Right now, any money that is received from the SBP is deducted from the DIC, meaning the families of service members are not getting all of the money that they should be getting, Jones said.
“They’re not getting the full benefit of what they paid for,” he said. “They’re getting roughly 55 percent of what they are due.”
Jones said the bill has received a lot of bipartisan support in both the Senate and House of Representatives, with around three-quarters of the Senate and more than 300 members of Congress signed on to help pass the bill as part of this year’s defense appropriation.
“It will cost some money, but it is money that I think is long overdue to these veterans’ spouses,” he said.
Jones took office after a special election in 2017 and is facing re-election next year, and he says wants his campaign to focus on the issues that really matter for the people of Alabama.
“We’re talking about issues that people care about on a daily basis,” he said. “Those issues that people talk about around their kitchen tables.”
One of those issues is the uncertainty surrounding the automotive tariffs that have been threatened as part of Trump’s trade war with China, which Jones says could put Alabama’s 57,000 automotive jobs in jeopardy. Jones’ view is that, with the tariffs on China and other countries, the U.S. should be able to turn to its allies for support — but, he believes, the president seems to be inciting trade wars with them as well.

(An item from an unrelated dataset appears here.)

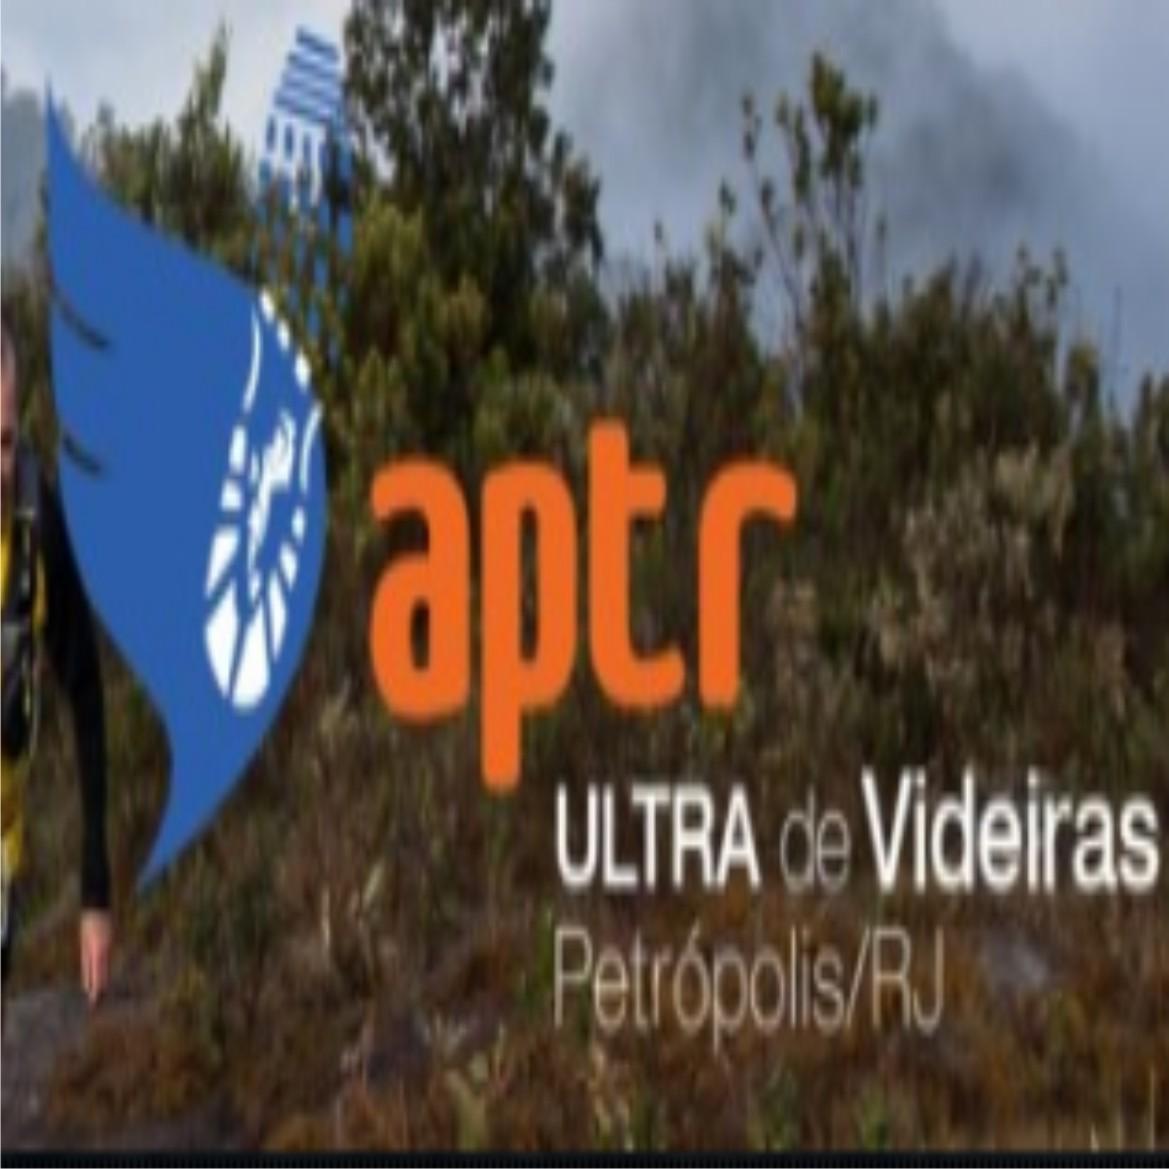 APTR ULTRA DE VIDEIRAS 2017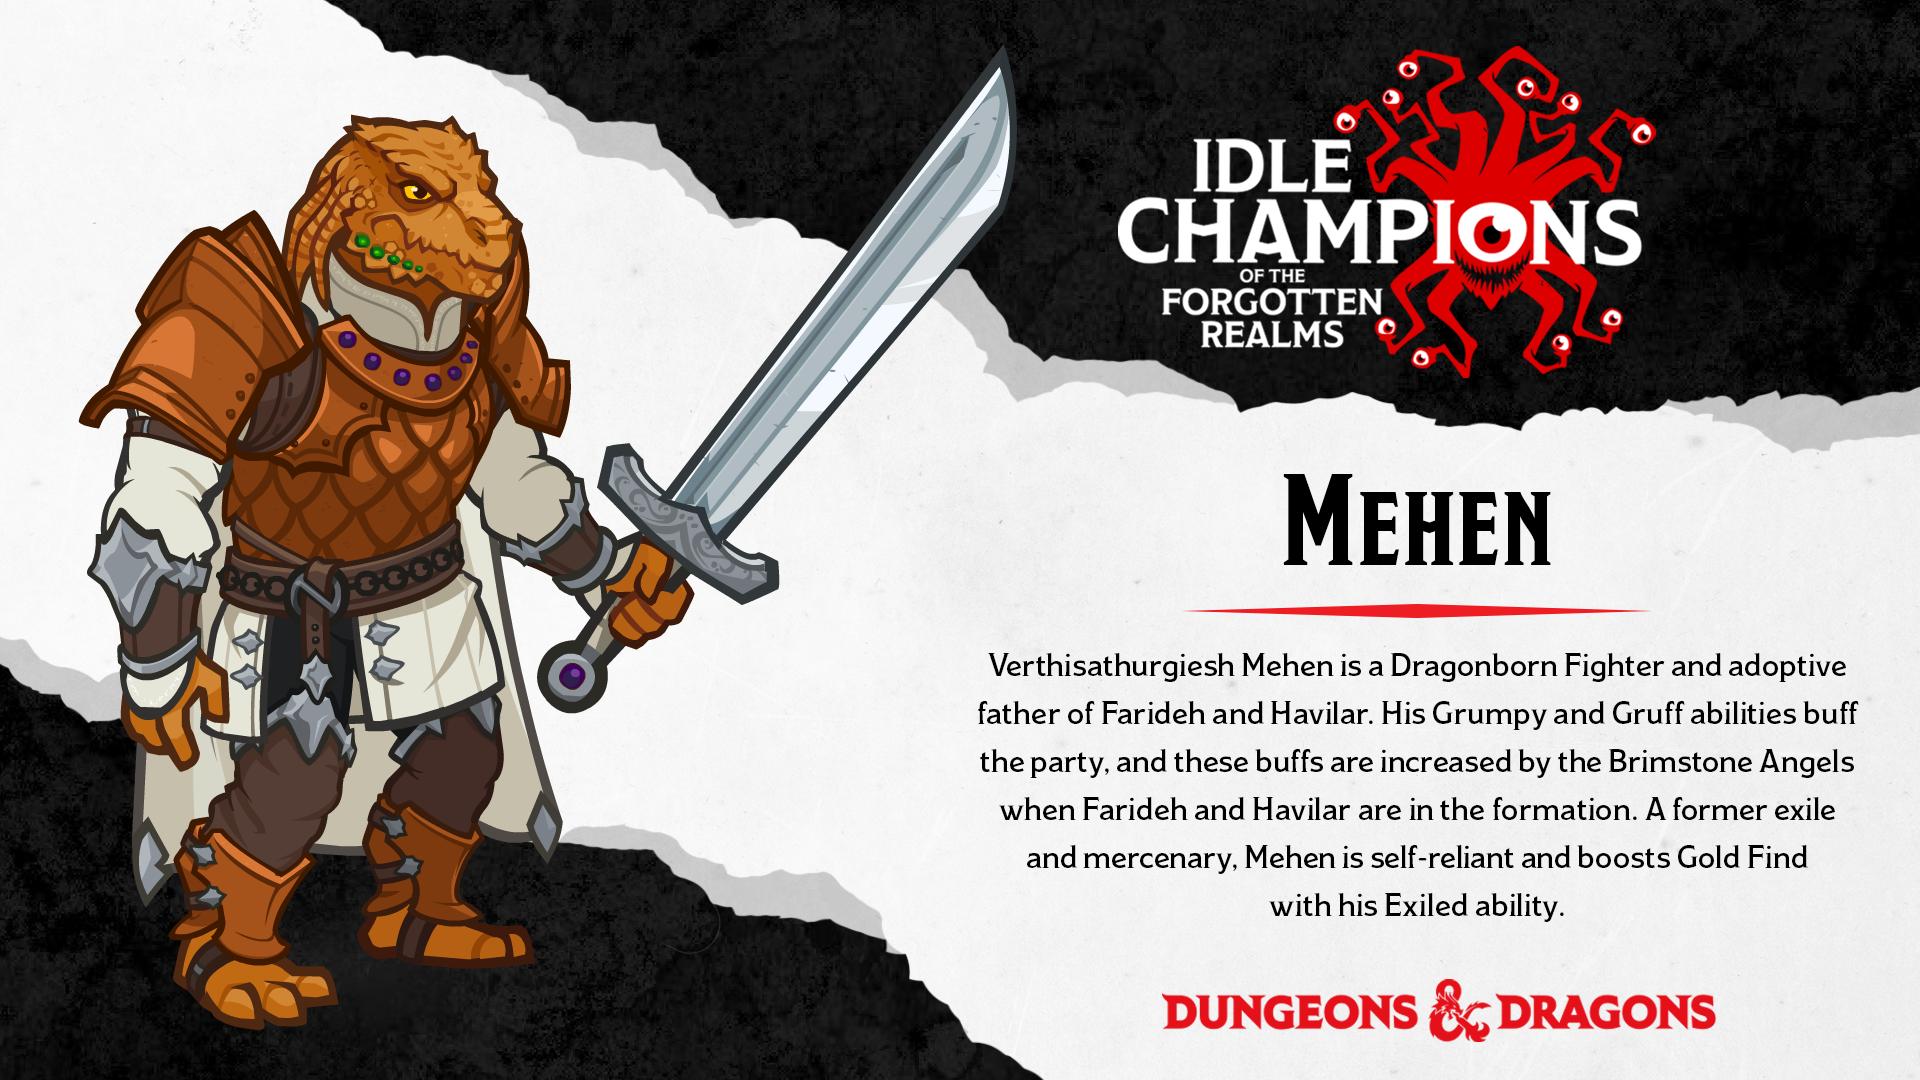 Dungeons & Dragons Verthisathurgiesh Mehen

The uncertainty that comes with trade wars is worrying the nation’s farmers, and the federal government is already paying out more bailout money to American farmers than it did to auto companies during the previous administration, said Jones.
“Farmers don’t want bailouts; they want markets,” he said. “And they’re scared of losing those markets.”
Jones has been outspoken against the president’s tariffs, and he is in favor of returning more power over trade and tariffs to the legislature, which he believes would let the nation form a coherent strategy in its trade policies.
Another issue is healthcare, which is not seeing the support it needs from the state that it needs to make sure the people of Alabama are able to receive the the medical care they require, said Jones. “The State of Alabama hasn’t invested in healthcare for the people of Alabama,” he said.
In Jones’ estimation, Cullman is faring better than most areas with Cullman Regional’s continued expansion. But, he added, other hospitals are struggling around the state, and Jones is in favor of expanding Medicaid in the state to open up more federal funding. “We’re seeing rural hospitals closing left and right,” he said.
Jones said people have allowed politicians to divide them, whether it’s on social issues or other things, but he hopes the people of the state can see the work he is doing to support them.
“I want people to understand what I have been doing for them on a state and local level,” he said. “We’re not going to let people divide us. Our campaign is one Alabama for everyone. We want to make sure the people of Cullman are treated the same as people in Birmingham, that the people in the Black Belt — Hale County, Marengo County — are treated the same as the people in Madison County. At the end of the day, we all want the same things.”